Os e-mails de phishing se tornaram muito mais sofisticados graças à evolução da IA. Anteriormente, os e-mails de phishing eram geralmente fáceis de detectar, pois estavam usualmente cheios de erros gramaticais. Mas agora, atores ameaçadores estão usando ferramentas como o ChatGPT para criar e-mails mais profundos, gramaticalmente corretos, em uma variedade de idiomas, que são mais difíceis para filtros de spam e leitores detectarem.

Outro exemplo é o deep fake, que se tornou muito mais realista e acredita devido à sofisticação da IA. As ferramentas de áudio da IA também estão sendo usadas para simular as vozes de executivos dentro de uma empresa, deixando mensagens de voz fraudulentas para os funcionários.

Como mencionado anteriormente, os atacantes estão usando a IA para criar malware desconhecido que pode modificar seu comportamento para bypassar soluções de segurança, evadir detecção e se espalhar mais eficazmente. Os atacantes continuarão a aproveitar a IA não apenas para construir novo malware sofisticado, único e anteriormente desconhecido, que pode bypassar soluções existentes, mas também para automatizar a “cadeia de ataque de ponta a ponta”. Isso reduzirá significativamente seus custos, aumentará sua escala e, ao mesmo tempo, resultará em ataques mais sofisticados e bem-sucedidos.
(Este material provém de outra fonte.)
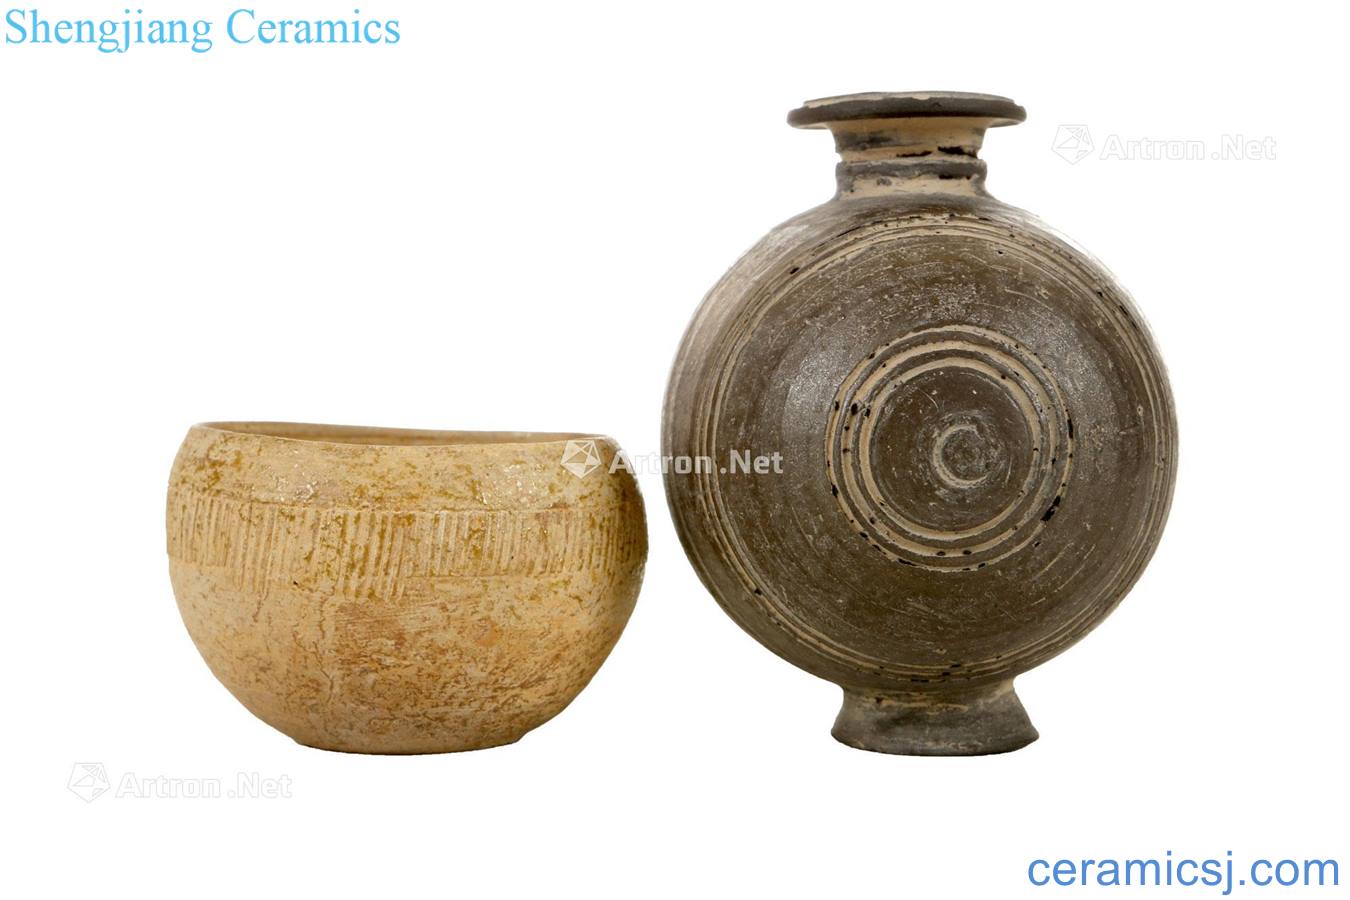 Dynasty, the western han dynasty pottery bowl and black pottery pitcher

A indústria cibernética precisa repensar soluções, treinamento e programas de conscientização que confiamos nos últimos 15 anos. Como podemos ver nas violações deste ano sozinho, eles já estão falhando, e vai piorar.

Poderia resumir brevemente os tipos de soluções oferecidas pela Deep Instinct quando se trata de soluções de aplicativos, endpoints e armazenamento?

A Plataforma de Prevenção Predita da Deep Instinct é a primeira e única solução baseada em uma estrutura de DL única, especificamente projetada para resolver os desafios de segurança cibernética de hoje — nomeadamente, prevenir ameaças antes que elas possam ser executadas e aterrissar em seu ambiente. A plataforma tem três pilares:

  1. Agentless, em um ambiente de contêiner, conectado via API ou ICAP: A Prevenção da Deep Instinct para Aplicativos é uma solução agentless que previne ransomware, ameaças de zero-dia e outros malware desconhecidos antes que eles atinjam seus aplicativos, sem impactar a experiência do usuário.
  2. Baseado em agente no endpoint: A Prevenção da Deep Instinct para Endpoints é uma plataforma de prevenção de ameaças autônoma — não em execução como a maioria das soluções de hoje. Ou pode fornecer uma camada real de prevenção de ameaças para complementar qualquer solução de EDR existente. Ela previne ameaças conhecidas e desconhecidas, de zero-dia e ransomware, antes da execução, antes de qualquer atividade maliciosa, reduzindo significativamente o volume de alertas e falsos positivos, para que as equipes de SOC possam se concentrar exclusivamente em ameaças legítimas e de alta fidelidade.
  3. Uma abordagem de prevenção em primeiro lugar para a proteção de armazenamento: A Prevenção da Deep Instinct para Armazenamento oferece uma abordagem de prevenção preditiva para parar ransomware, ameaças de zero-dia e outros malware desconhecidos de infiltrar ambientes de armazenamento — seja os dados armazenados on-prem ou na nuvem. Fornecendo uma solução rápida e extremamente eficaz no armazenamento centralizado para os clientes, impede que o armazenamento se torne um ponto de propagação e distribuição para quaisquer ameaças.

Obrigado pela grande revisão, leitores que desejam aprender mais devem visitar Deep Instinct.

Antoine é um líder visionário e sócio-fundador da Unite.AI, impulsionado por uma paixão inabalável por moldar e promover o futuro da IA e da robótica. Um empreendedor serial, ele acredita que a IA será tão disruptiva para a sociedade quanto a eletricidade, e é frequentemente pego falando sobre o potencial das tecnologias disruptivas e da AGI.

Como um futurista, ele está dedicado a explorar como essas inovações moldarão nosso mundo. Além disso, ele é o fundador da Securities.io, uma plataforma focada em investir em tecnologias de ponta que estão redefinindo o futuro e remodelando setores inteiros.